We generate a small fixture and write a minimal smoke-like config next to the notebook.


In [11]:
import textwrap

import numpy as np


NOTEBOOK_DIR = Path.cwd().resolve()
OUT_ROOT = (NOTEBOOK_DIR / "runs" / "colab_quickstart").resolve()
OUT_ROOT.mkdir(parents=True, exist_ok=True)

fixture_path = OUT_ROOT / "fixture_tiny.npz"

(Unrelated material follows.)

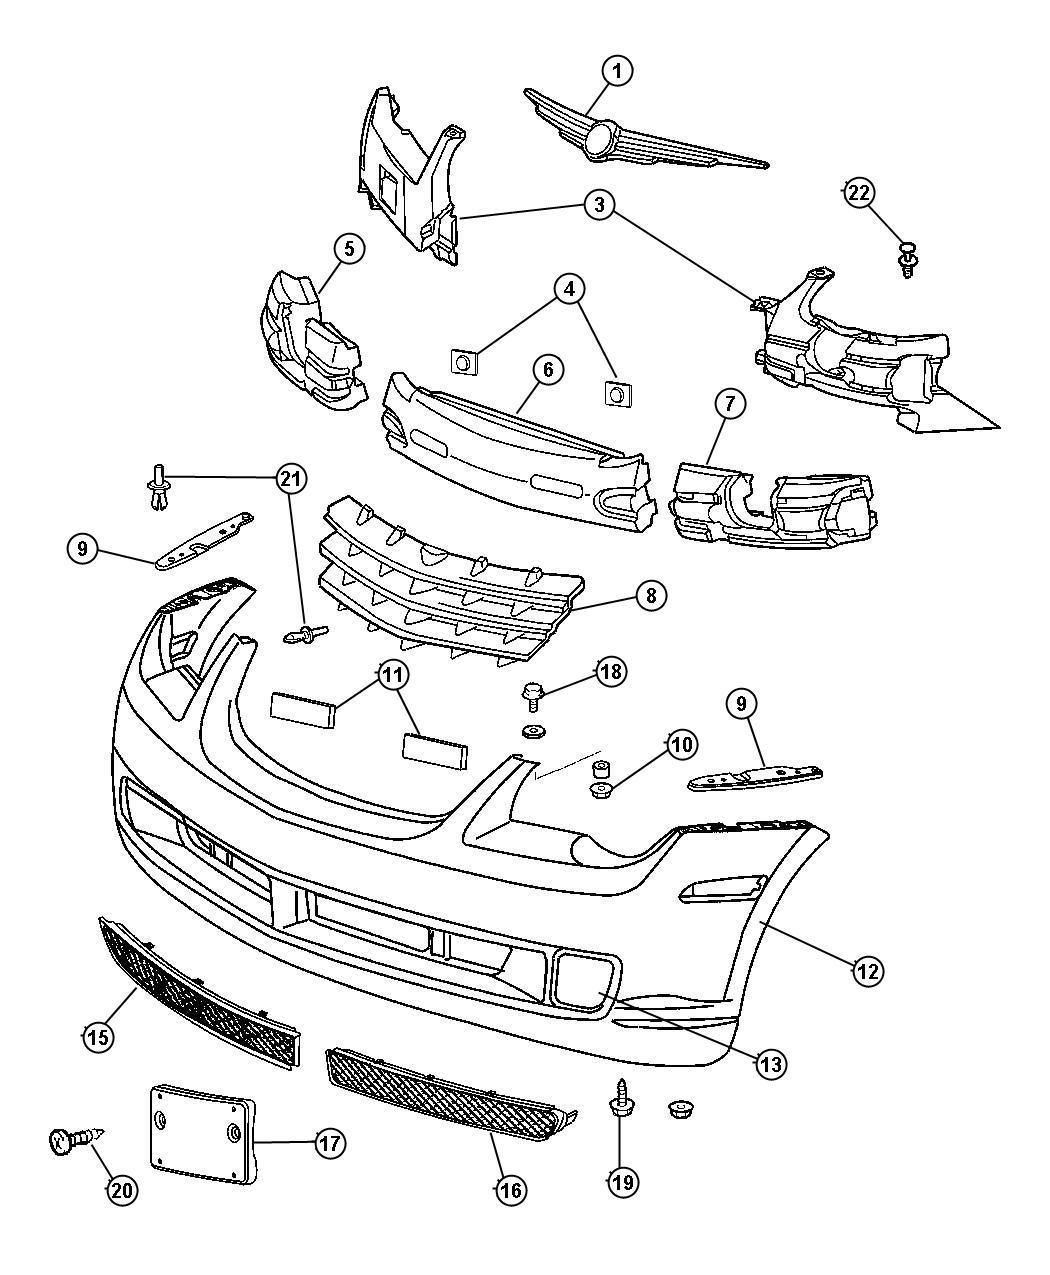 2008 chrysler crossfire repair kit market canada build. Black Bedroom Furniture Sets. Home Design Ideas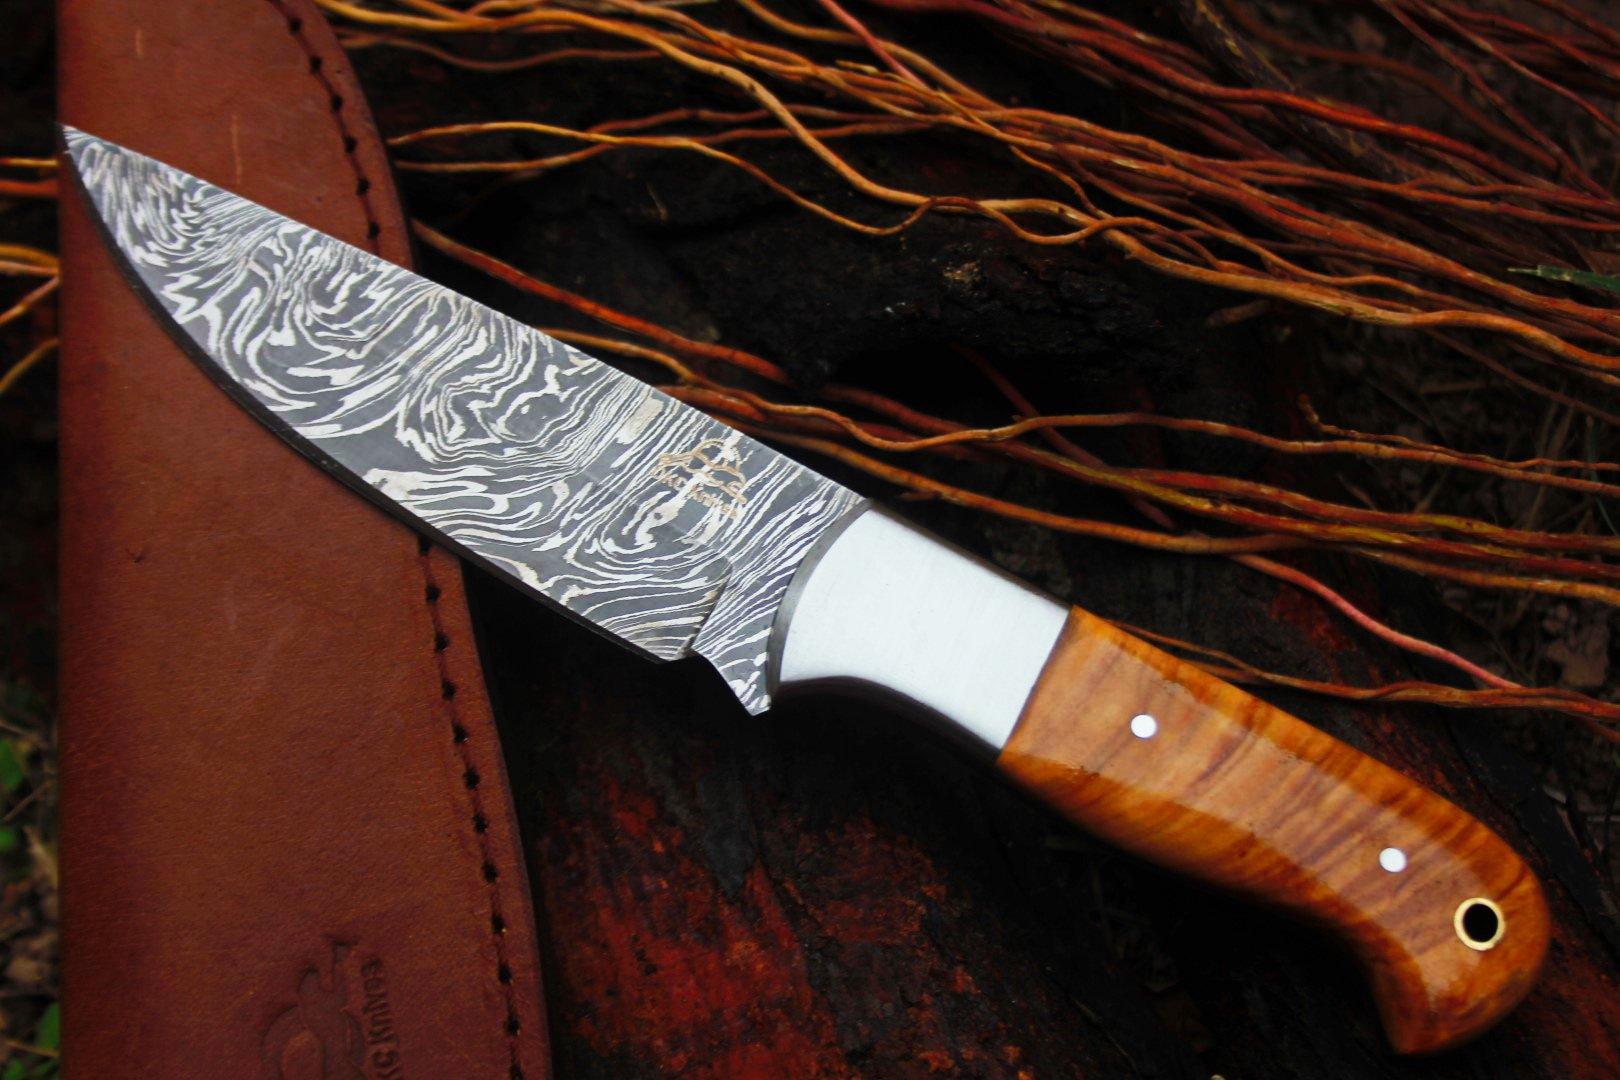 DKC Knives (20 5/18) SALE DKC-511 TRAIL BLAZER Fixed Blade Damascus Steel Hunting Knife Olive Wood Burl Handle 9'' Long, 5.5'' Blade 8oz Work of Art !

def fixture_needs_regen(path: Path) -> bool:
    if not path.exists():
        return True
    try:
        with np.load(path) as data:
            required = [
                "X",
                "subject_id",
                "rep_id",
                "gesture_id",
                "exercise_id",
                "sample_start",
                "sample_end",
            ]
            if any(name not in data for name in required):
                return True
            arrays = [np.asarray(data[name]) for name in required[1:]]
            num_rows = arrays[0].shape[0]
            if any(arr.shape[0] != num_rows for arr in arrays):
                return True
            rows = set(zip(*(arr.tolist() for arr in arrays)))
            return len(rows) != num_rows
    except Exception:
        return True


if fixture_needs_regen(fixture_path):
    rng = np.random.default_rng(0)
    subjects = [1, 2]
    reps = [1, 2, 3]
    gestures = [1, 2]
    windows_per_combo = 5
    records = [
        (subject, rep, gesture)
        for subject in subjects
        for rep in reps
        for gesture in gestures
        for _ in range(windows_per_combo)
    ]
    num_windows = len(records)
    num_electrodes = 2
    num_samples = 8

    X = rng.standard_normal((num_windows, num_electrodes, num_samples)).astype(
        "float32"
    )
    subject_id = np.array([r[0] for r in records], dtype="int32")
    rep_id = np.array([r[1] for r in records], dtype="int32")
    gesture_id = np.array([r[2] for r in records], dtype="int32")
    exercise_id = np.ones(num_windows, dtype="int32")
    sample_start = np.arange(num_windows, dtype="int32") * num_samples
    sample_end = sample_start + (num_samples - 1)

    np.savez(
        fixture_path,
        X=X,
        subject_id=subject_id,
        rep_id=rep_id,
        gesture_id=gesture_id,
        exercise_id=exercise_id,
        sample_start=sample_start,
        sample_end=sample_end,
    )

    print("Wrote fixture:", fixture_path)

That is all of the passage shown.